Why have ChatGPT or Gemini not been embroiled in obscene visual generation?

Meanwhile, there have not been many reports of ChatGPT and Gemini generating visually sexually explicit content. This is because ChatGPT and Gemini both have had stringent usage policy guidelines in place.

For instance, then Bard was rebranded as Gemini in February 2024, and just months later, in July 2024, Google had issued its policy guidelines, putting a complete stop on any explicit content with harmful consequences. OpenAI introduced strict usage guidelines only from January last year, which were initially focussed on preventing minors from accessing sexual content. However, in October last year, this was expanded to everyone.

“Everyone has a right to safety and security. So you cannot use our services for: sexual violence or non-consensual intimate content,” OpenAI wrote in its October 2025 usage guidelines.

Gemini’s policies have explicit content filters and automated detection systems for sexual and harmful content. Even with Google’s APIs for Developers, while developers can configure safety filters, the core protections against child-harm content cannot be loosened.

“Gemini should not generate outputs that describe or depict explicit or graphic sexual acts or sexual violence, or sexual body parts in an explicit manner. These include: pornography or erotic content; depictions of rape, sexual assault, or sexual abuse,” Gemini mentioned in its policy guidelines.

Meanwhile, only effective from January 2, 2025, did Grok issue its Acceptable Use Guidelines, shifting the entire responsibility of generation and uploading of such content to the users. The three-pointer policy with several subpoints does not protect every user from sexualisation and only protects minors.

Are policy guidelines the only problem?

The larger issue is not just the abuse itself, but the lack of effective resolution. This is partly due to staffing cuts at X, the parent company of xAI. X has significantly reduced its trust and safety workforce, particularly in training and moderation. In January 2024, the company cut its trust and safety team by a third. Around September last year, the company also reduced its data annotation and tutoring teams by a third, roles central to training AI systems to distinguish acceptable content from harmful content.

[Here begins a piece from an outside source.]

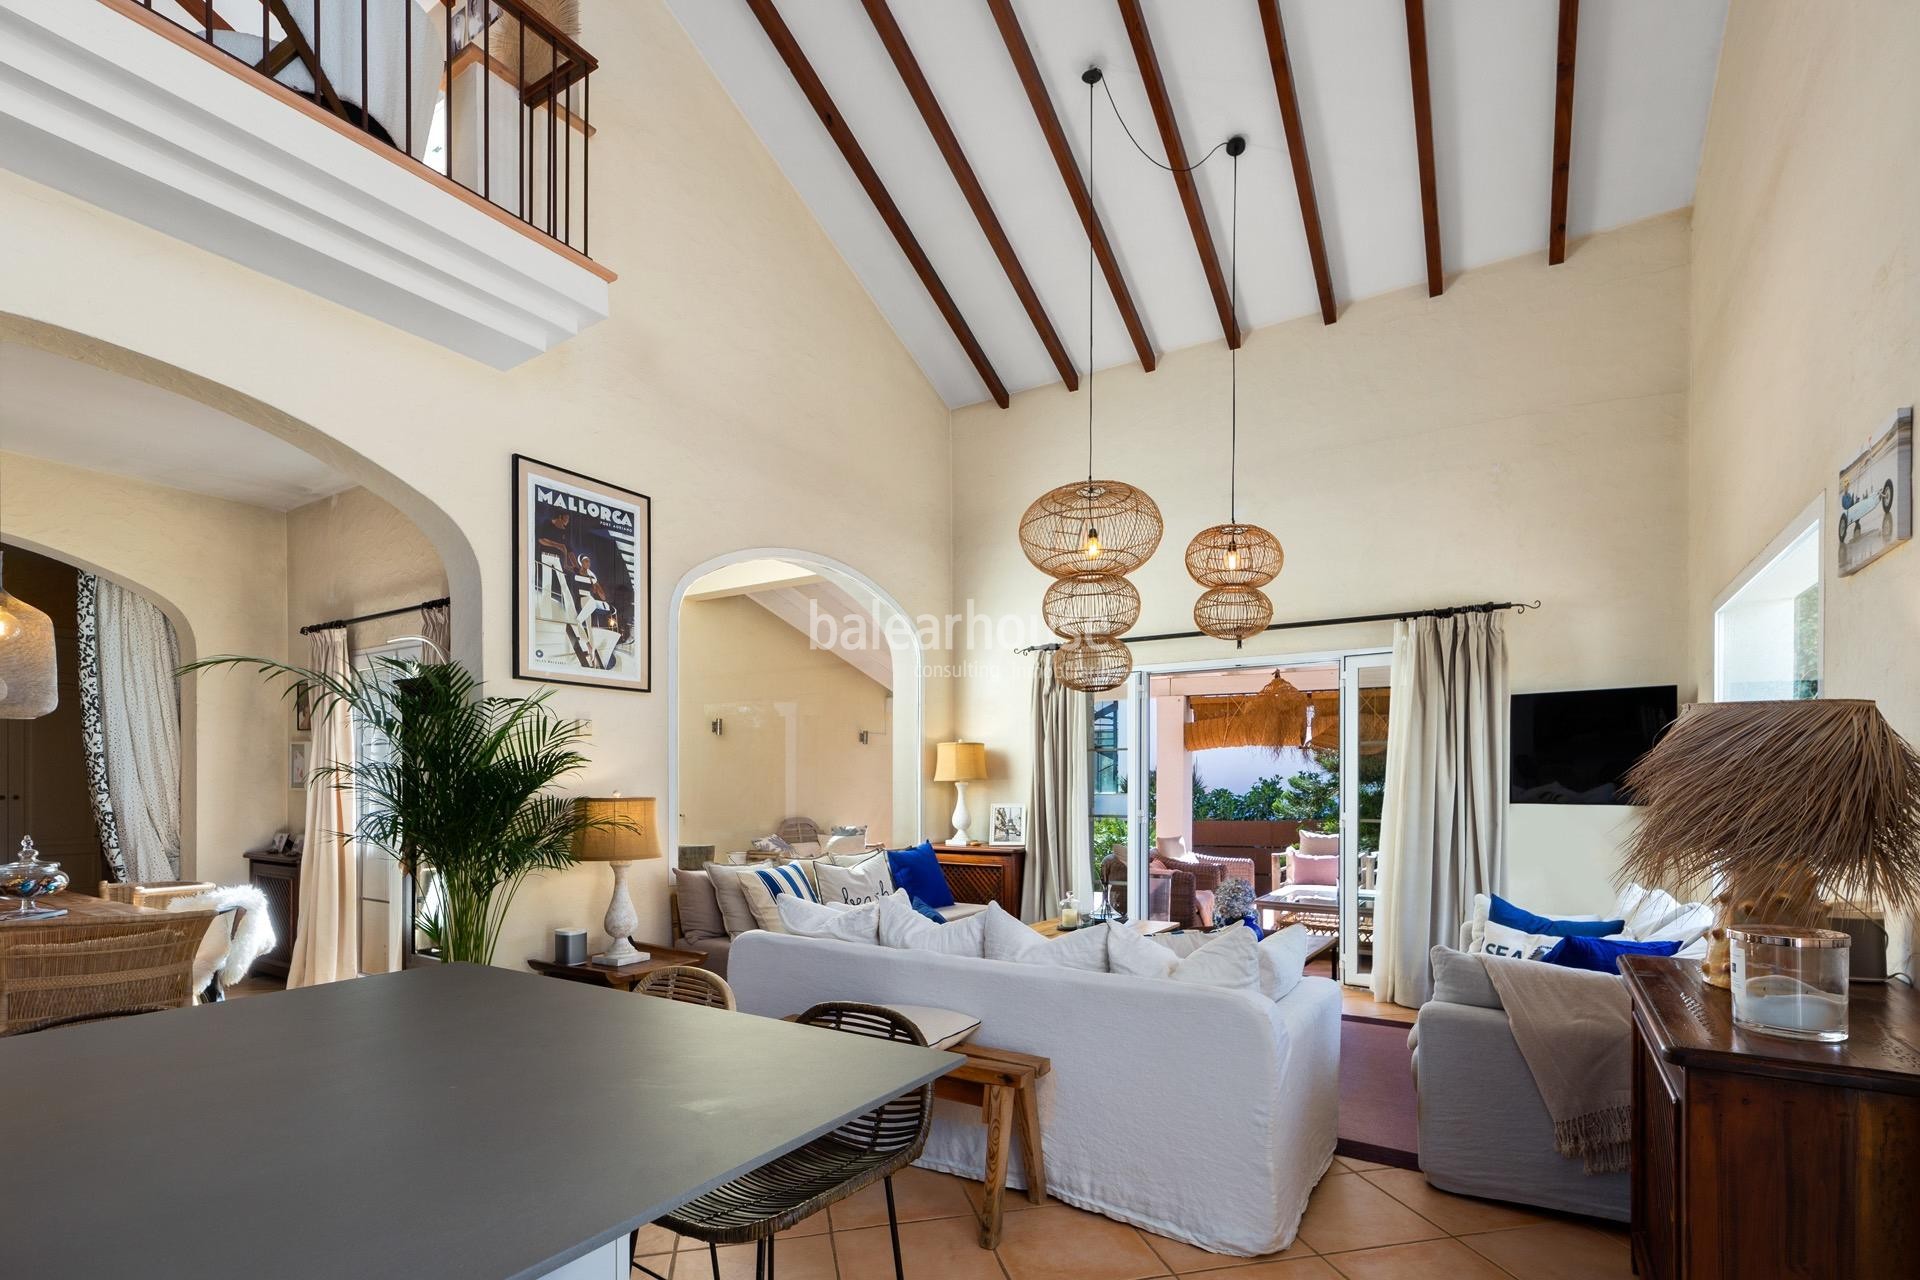 Beautiful mediterranean style villa perfect for families in Nova Santa Ponsa

While Elon Musk’s companies were making headlines for cuts to trust and safety teams, OpenAI moved in the opposite direction. In May 2024, it formed a Safety and Security Committee led by Bret Taylor, Adam D’Angelo, Nicole Seligman, and CEO Sam Altman to oversee critical safety and security decisions across its projects.

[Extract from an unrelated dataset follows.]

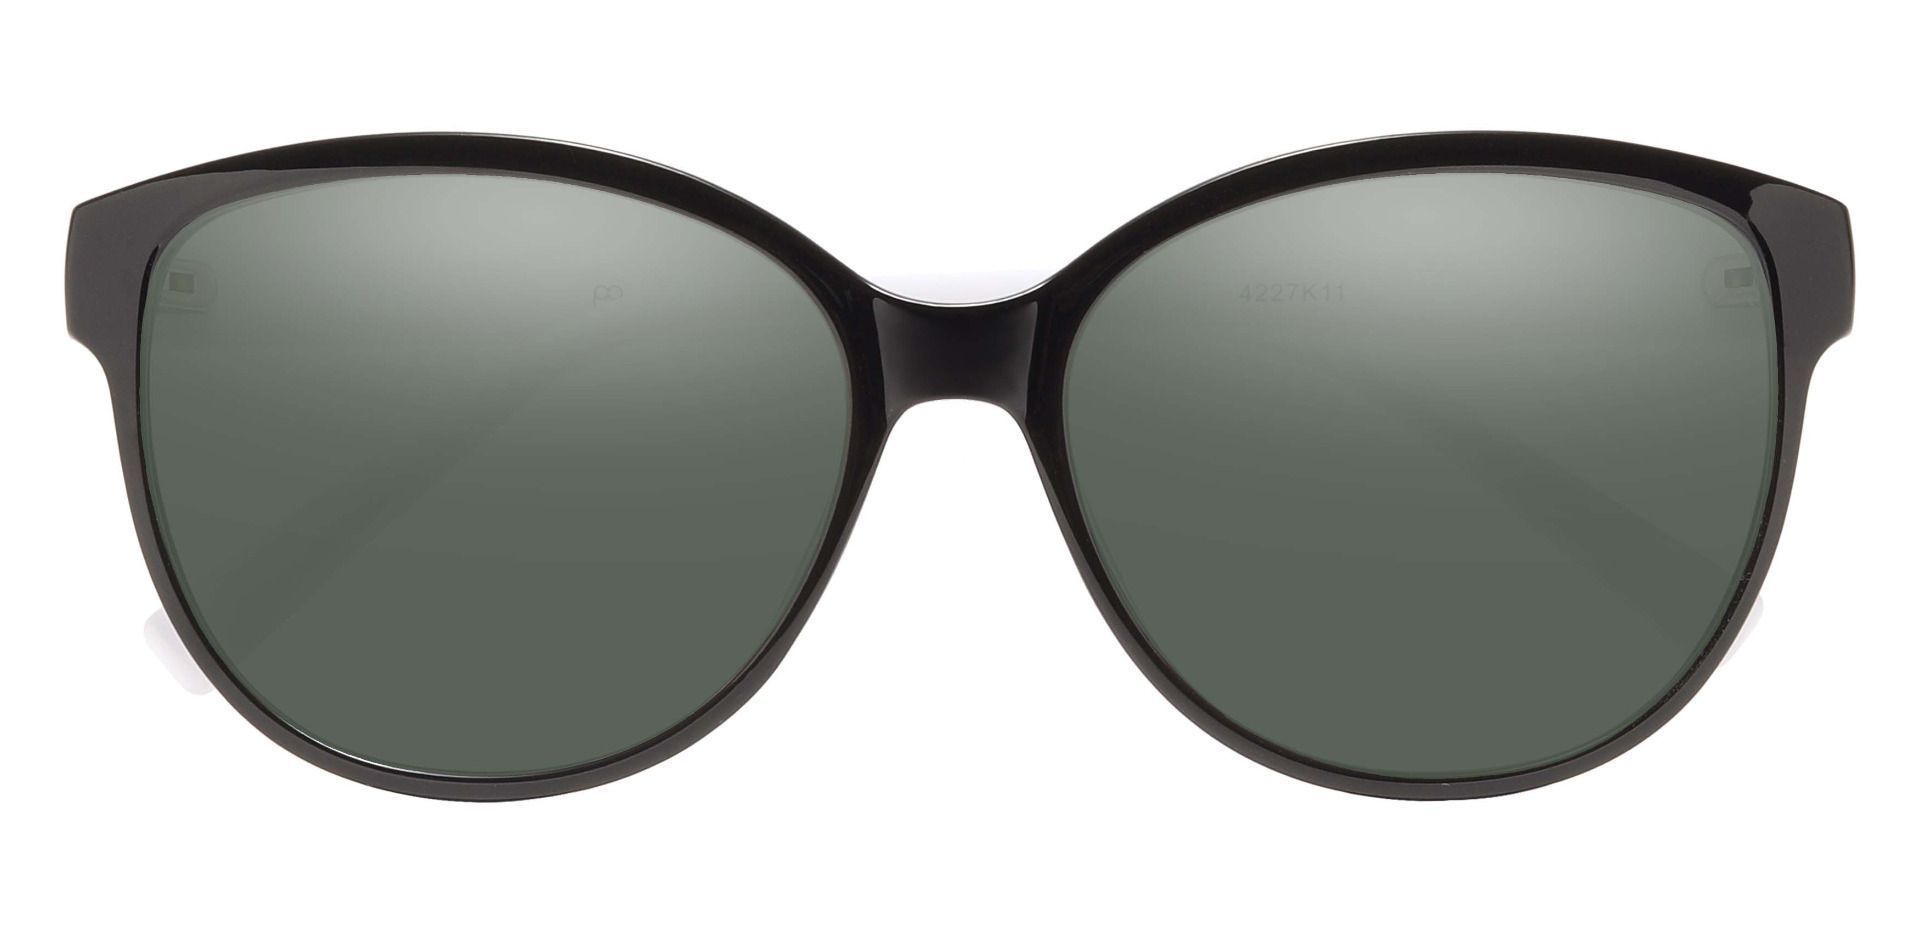 Rabia Oval Prescription Sunglasses - Black Frame With Green Lenses

However, despite stronger guardrails, OpenAI and Meta have also faced scrutiny for instances in which minors were exposed to or engaged with adult content. However, Grok presents a more acute problem because such content is generated and displayed publicly by default, amplifying harm and enabling rapid, large-scale circulation. The current Grok controversy underscores a broader trade-off AI companies face as they prioritise user growth and engagement, often at the cost of safety, while meaningful corrective action remains slow or delayed.